Confessionalisme
Confessionalisme © / CTC

On le voit au Salon du Livre de Beyrouth, le confessionalisme est très présent dans la littérature libanaise, que ce soit dans les oeuvres de fiction et les essais, est perçue comme une richesse politique.

En effet, 18 communautés cohabitent et dans la Constitution, un pacte national de consensus permet aux principales obédiences d'être représentées dans les arcanes du pouvoir.

Qu'importe qu'une communauté soit minoritaire ou pas, le système ne fonctionne pas sur une logique de quotas.

La Présidence de la République revient aux chrétiens, le premier ministre est un muslman sunnite et le Président de l'Assemblée un musulman chiite.

Mais en ces temps tourmentés, les luttes intestines menacent ce pacte national.

Dictionnaire amoureux du Liban
Dictionnaire amoureux du Liban © / CTC

Dans le Dictionnaire amoureux du Liban écrit par Alexandre Najjar chez Plon , le mot Confessionalisme occupe une place importante.

Au passage, ce dictionnaire, mieux que n'importe quel livre d'histoire, nous donne des clés de lecture du Liban . Pour le comprendre, l'aimer et le plaindre.

Au mot Confessionalisme , Alexandre Najjar rappelle la coexistence pacifique de 18 communautés religieuses, une entente qui vole en éclats avec la guerre civile.

Dans le conflit libanais, il est dénombré 35 mini guerres internes aux faubourgs.

Au lendemain de la guerre, une situation larvée se maintient jusqu'à nos jours.

Une teinte de nostalgie liée aux souvenirs d'enfance effleurent les pages de ce dictionnaire d'une saveur émanant des vergers et des orangers et d'une époque antérieure à la guerre.

Cette nostalgie se retrouve d'ailleurs dans les romans des grands auteurs libanais.Saint Georges regardait ailleurs de Jabbour Douaihy raconte l'errance d'un musulman reconverti chrétien mais qui n'est ni l'un ni l'autre. Avant la guerre civile, la nature indécise du garçon devenu jeune homme ne prêtait pas à conséquence. On le suit déambuler à pied dans les rues duBeyrouth des années 60, ce qui en soit est une respiration inhabituelle. Dans cette ville dévolue à la voiture, cette déambulation pas à pas d'un quartier à un autre raconte un autre Beyrouth . Mais à partir de 1975, la non appartenance à un clan précis le met en marge de tous. Du jour au lendemain, difficile de passer d'un faubourg chrétien à un faubourg musulman sans décliner son appartenance religieuse.

Charif Majdalani
Charif Majdalani © / CTC

Chez Charif Majdalani , la nostalgie n'a pas de place. Pour l'auteur du dernier seigneur de Marsad ,le Liban d'avant guerre est idéalisé par un imaginaire presque mythique.

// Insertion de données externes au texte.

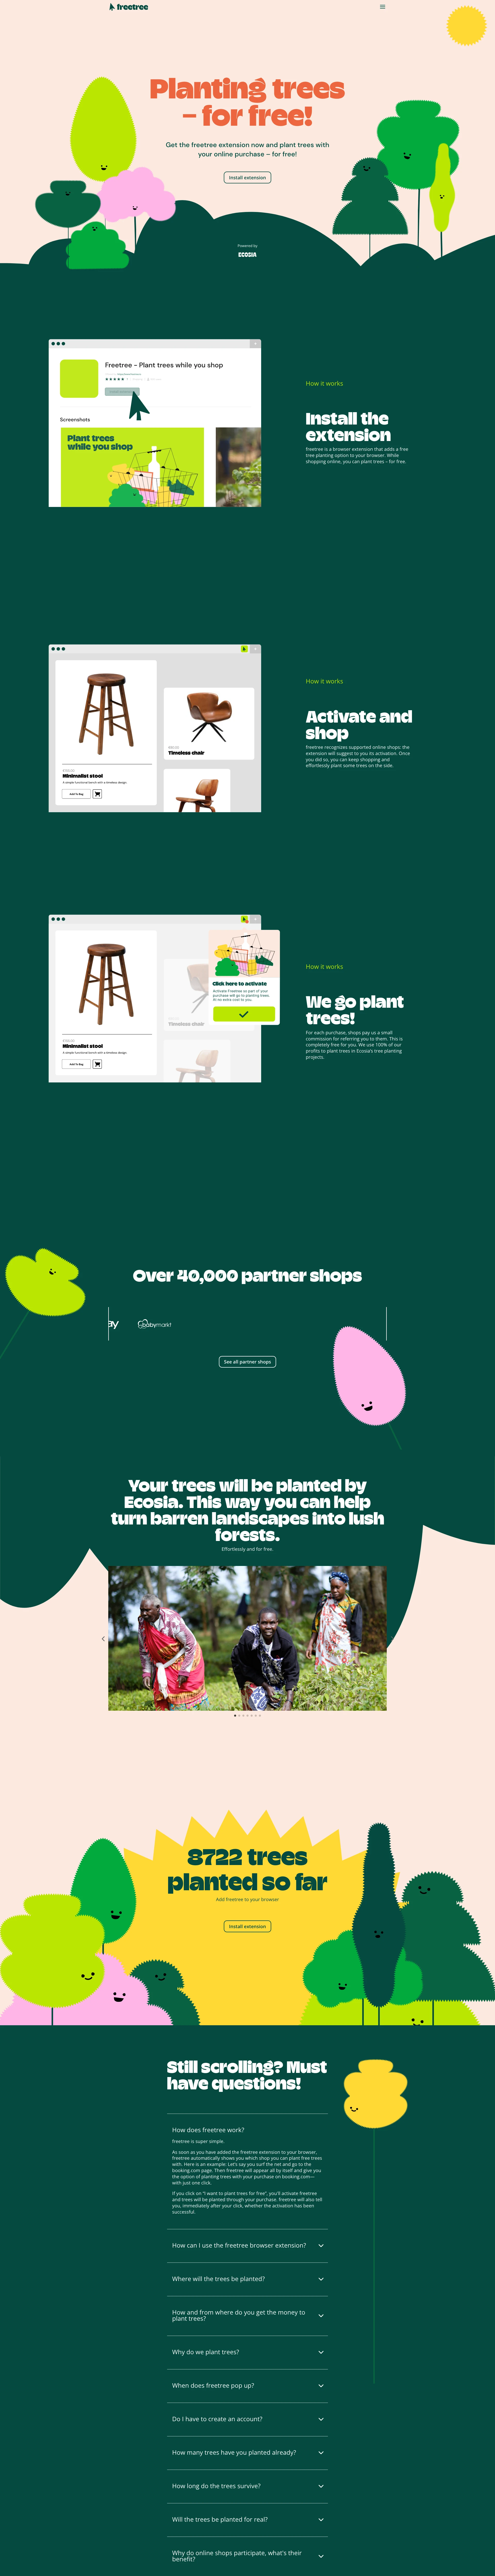 freetree Landing Page Example: Planting trees while shopping the web. This you can do with freetree. Just install the browser extension and let's plant trees together.

Ce recours au "c'était mieux avant " opère comme un pansement.

Tous les livres deMajdalani commencent avant la guerre et finissent pendant, histoire de souligner le caractère chronologique des évènements.

Des tensions intercommunautaires existaient. Les vexations et spéculations immobilières ont entrainé des épisodes de violences, puis d'affrontements et de massacre.

De crispations, on est passé à la haine.

Le clivage sunnite/chiite qui anime aujourd'hui les tensions intercommunautaires est amplifié par une résonnace salafiste. Mais on ne sait rien du soufisme déplore Florence Ka dans son texte "Ton Jihad et le mien" aux éditions Ovadia. S'appuyant sur le texte du Coran , elle inspire une conversation à ses personnages autour du concept de Jihad .

Le Jihad de l'âme est une quête intérieure en vue de trouver la sérénité. Le Jihad de la force ne s'applique qu'aux mécanisme de défense, et se trouve souvent en corrélation avec des défis sportifs.

Toute la richesse du livre francophone deBeyrouth se trouve dans cette pluralité qui présente dans ses nuances et sa complexité leLiban d 'aujourd'hui et les pressions du conflit syrien.